*** EXTRACTED INFORMATION ***

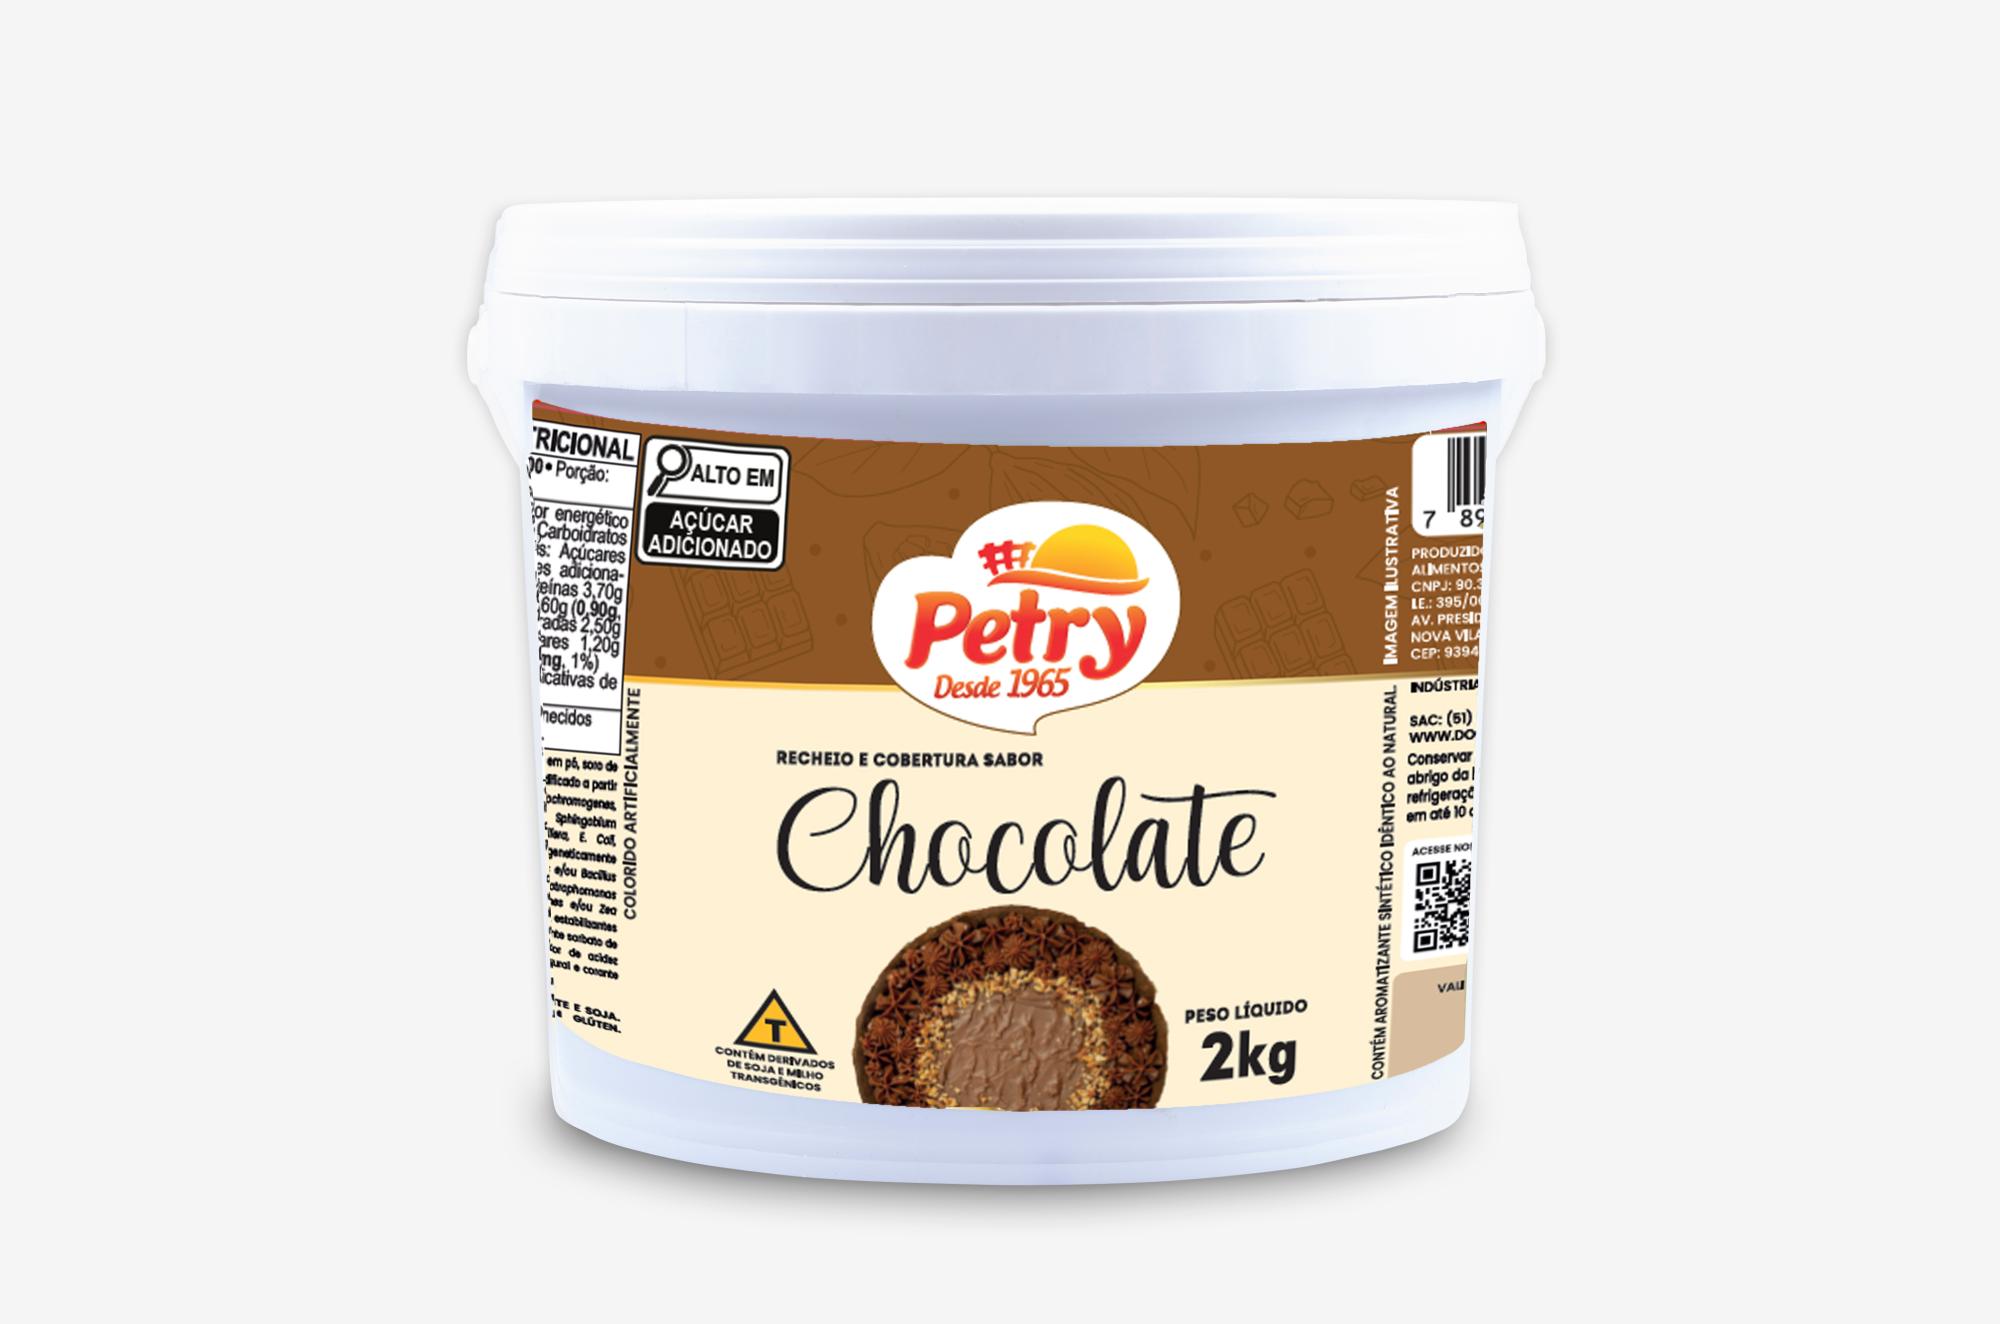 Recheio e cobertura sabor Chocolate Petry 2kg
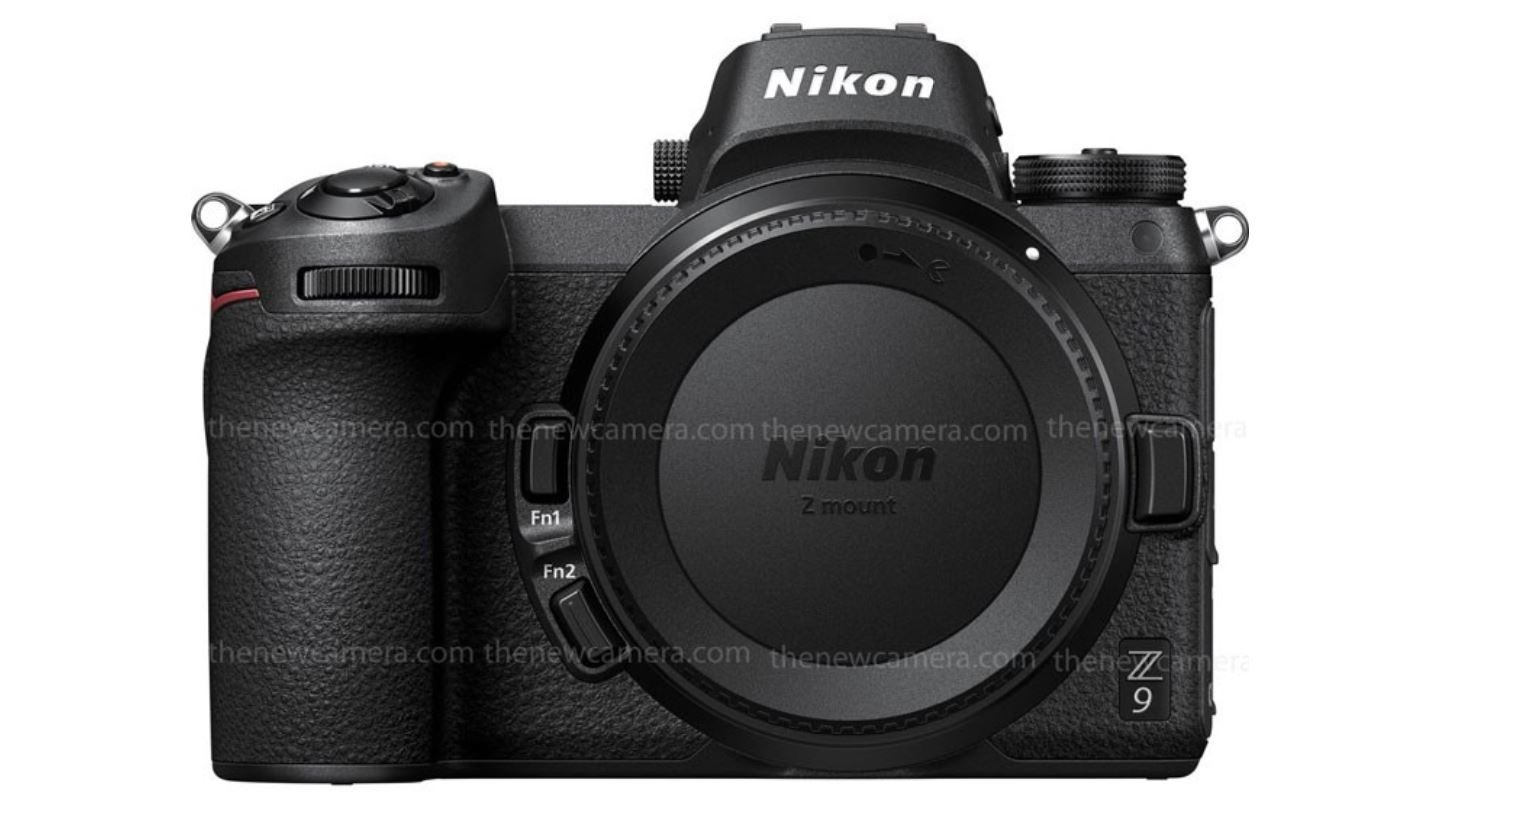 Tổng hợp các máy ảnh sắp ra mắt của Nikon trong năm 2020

*** End of EXTRACTED INFORMATION ***
*** EXTRACTED INFORMATION ***

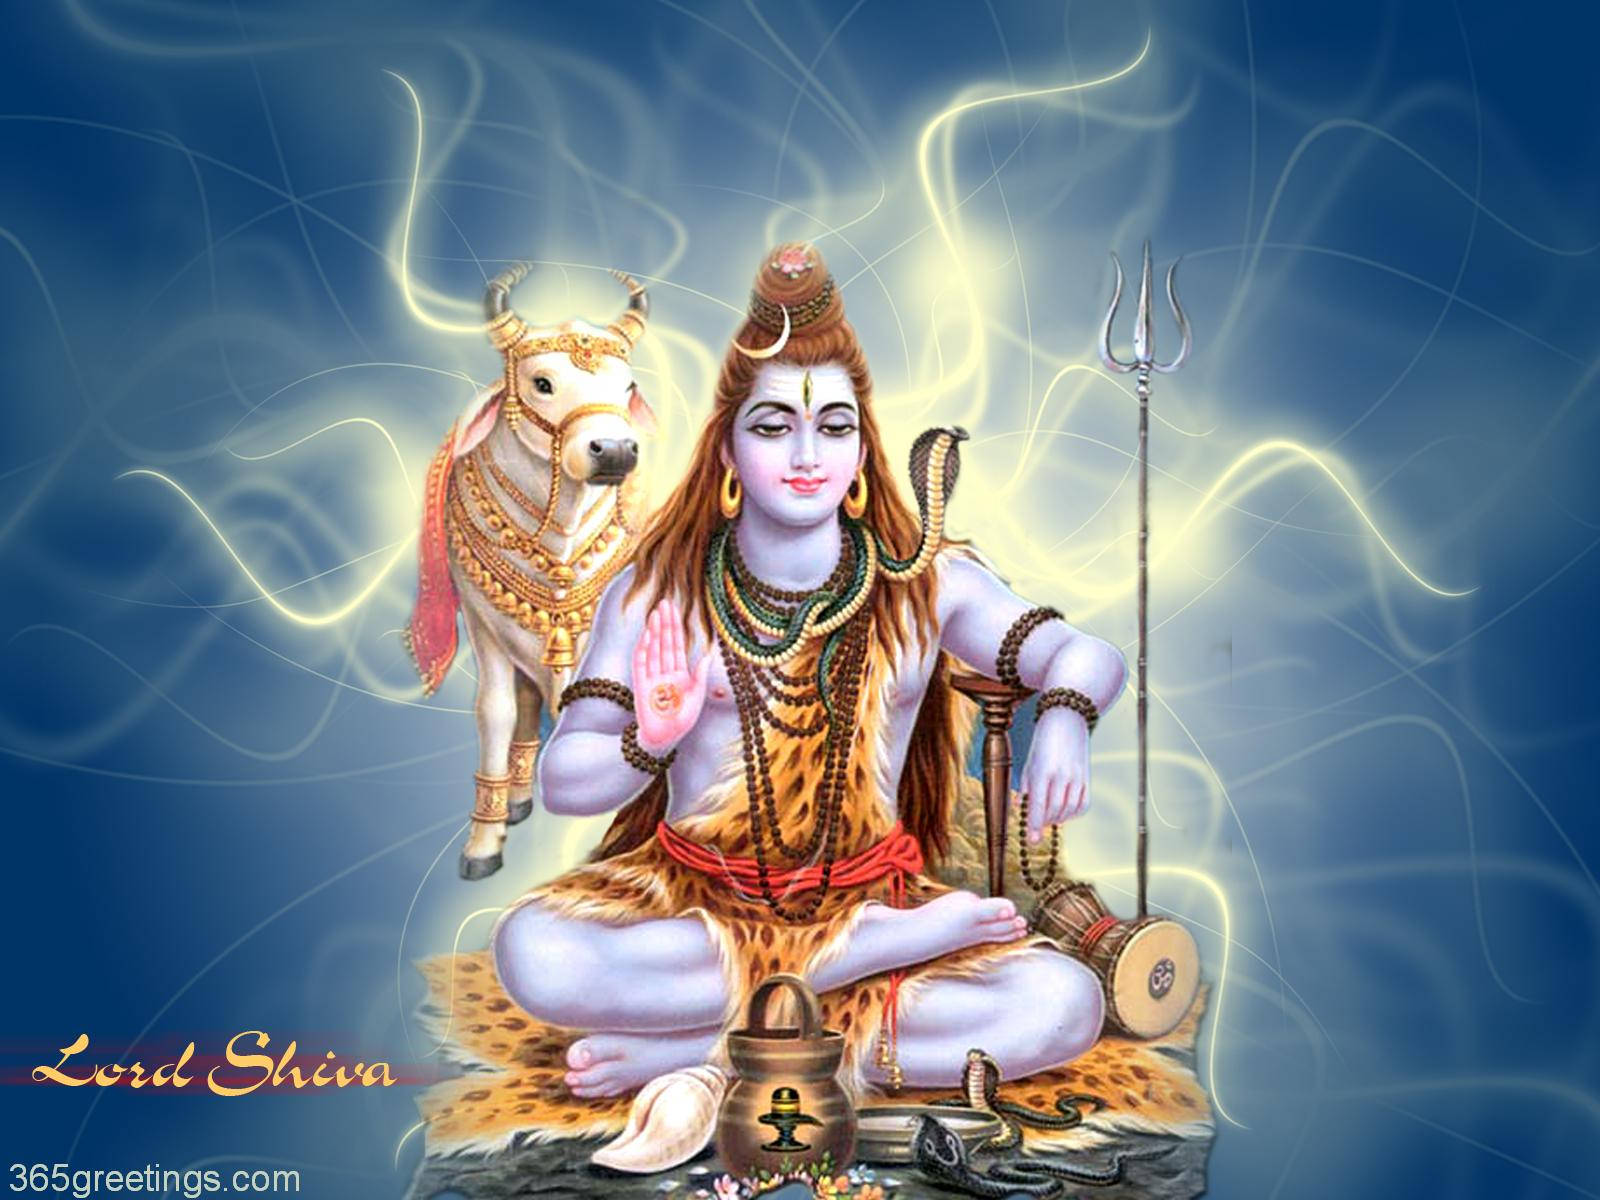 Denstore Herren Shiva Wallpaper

*** End of EXTRACTED INFORMATION ***
*** EXTRACTED INFORMATION ***

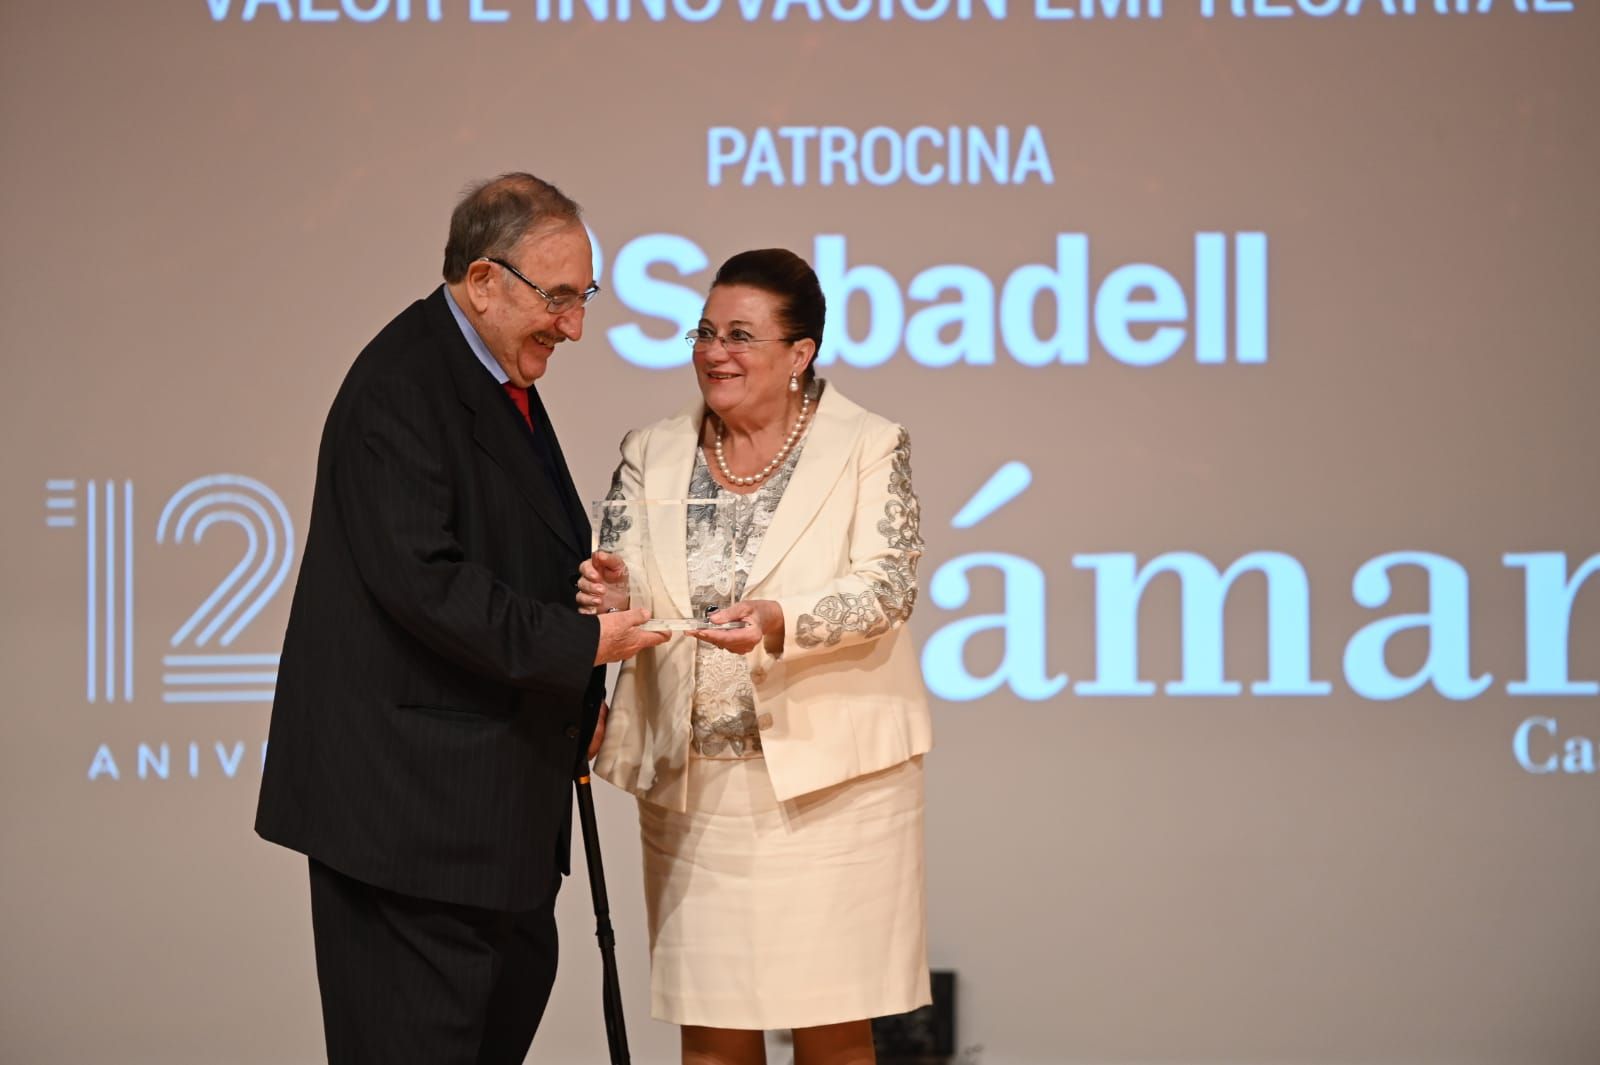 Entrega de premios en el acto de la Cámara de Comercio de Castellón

*** End of EXTRACTED INFORMATION ***

TASK INSTRUCTIONS =>
Only one stretch of the material above is wanted: the line containing "Recheio e cobertura" through the line containing "Tổng hợp các". Restate it word for word, minus the pictures.

PROBLEM SOLUTION =>
 Recheio e cobertura sabor Chocolate Petry 2kg
 Tổng hợp các máy ảnh sắp ra mắt của Nikon trong năm 2020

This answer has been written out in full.